What do you mean by motivation? As for background context, I don't know how else I can provide background context because interest rate parity is just a condition that has been observed in international financial markets that has some implications for investors trying to earn arbitrage profits or hedge against risks when assets are exposed to unanticipated changes in exchange rates, but the article already covers all that. The article explains that parity, and deviations from parity, have certain implications for whether or not investors will be able to lock-in profits with arbitrage trading strategies. As for notability, I'm not sure what you mean. Are you contesting the notability of the topic? It is well-published in journals and textbooks for both economics and finance. I think its importance is self-evident, even for a layperson. I value any feedback that the article falls short in this area, but I guess in order for me to address it I need more details on the specific things that are confusing you or obfuscating the importance of the topic. I don't want to just add patchwork sentences to the lead if I can improve the communication of specific parts of the article. John Shandy`talk 05:38, 17 September 2012 (UTC)[reply]

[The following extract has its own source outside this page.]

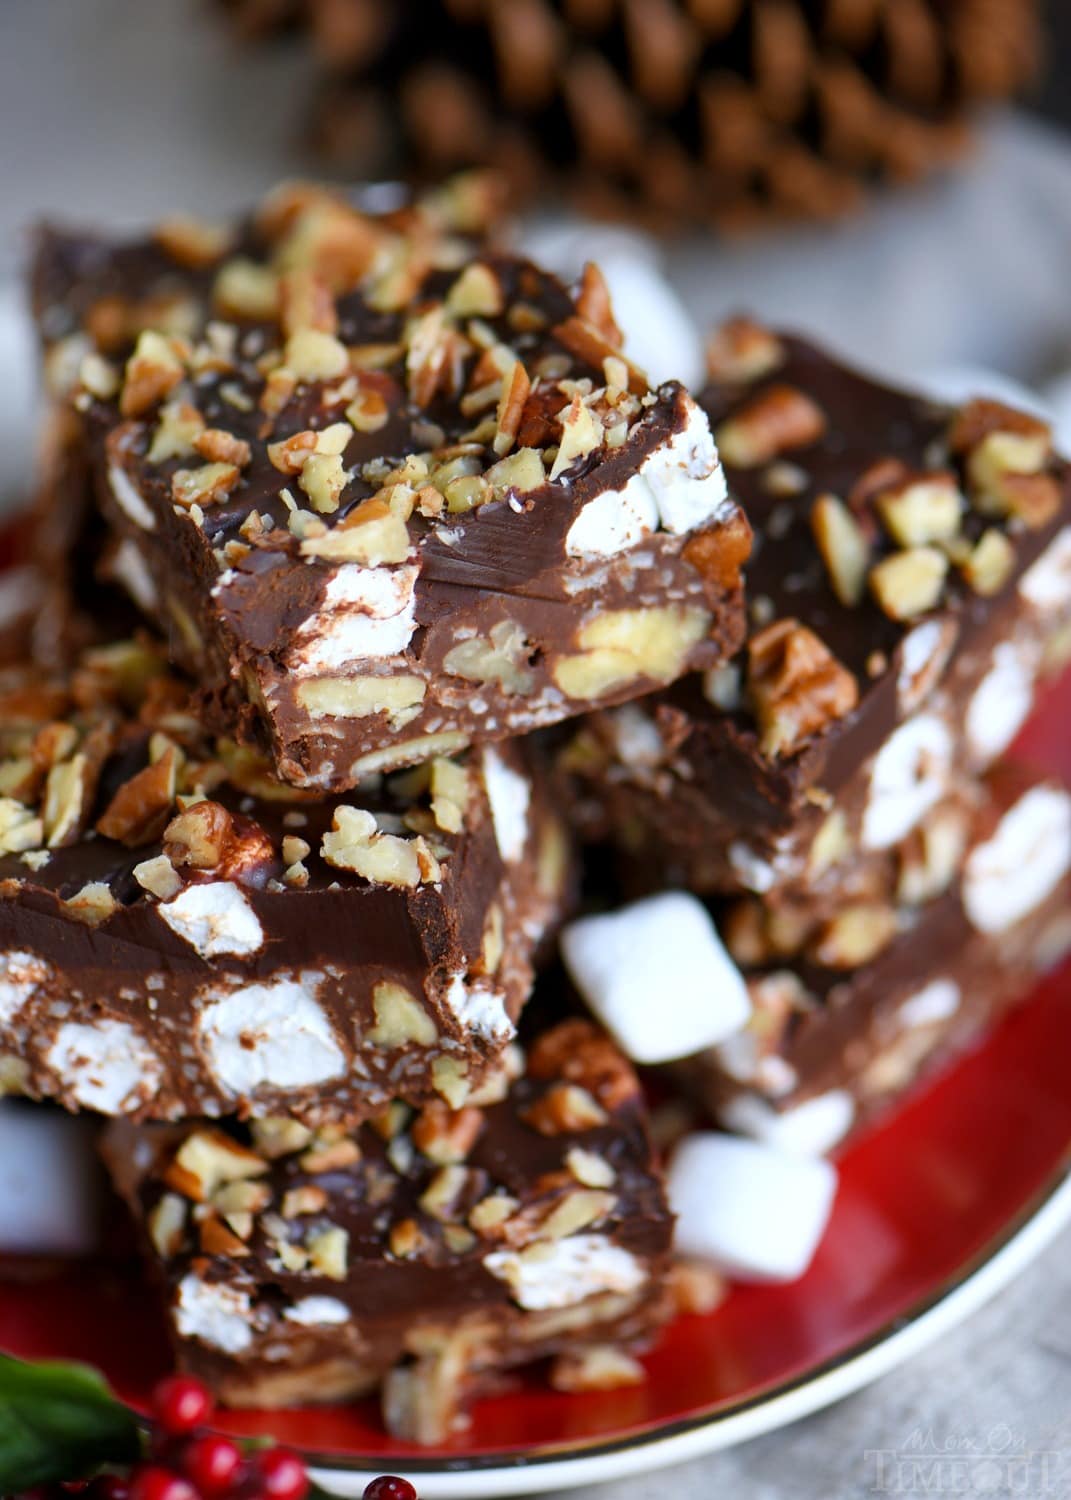 Heavenly Hash Truffle Bars are loaded with coconut, pecans, marshmallows and chocolate and topped with a decadent ganache. This incredibly easy treat comes together in minutes and is sure to impress the chocolate lover in your life! Perfect for the holidays!

By motivation, I was referring to my question from last week on the talk page: Why should anyone want to know what this is? I added "The fact that this condition does not always hold allows the opportunity to earn riskless profits from covered interest arbitrage," and consider this request  Done. Thanks for your patience with my earlier inability to grasp why anyone would care about the topic. —Cupco 06:14, 17 September 2012 (UTC)[reply]
Ah, okay. That added sentence says worlds more about what you were trying to point out to me. I think it is a good addition. I slightly reworded it to emphasize potential opportunities (even when the condition fails to hold, opportunities may not exist). John Shandy`talk 07:00, 17 September 2012 (UTC)[reply]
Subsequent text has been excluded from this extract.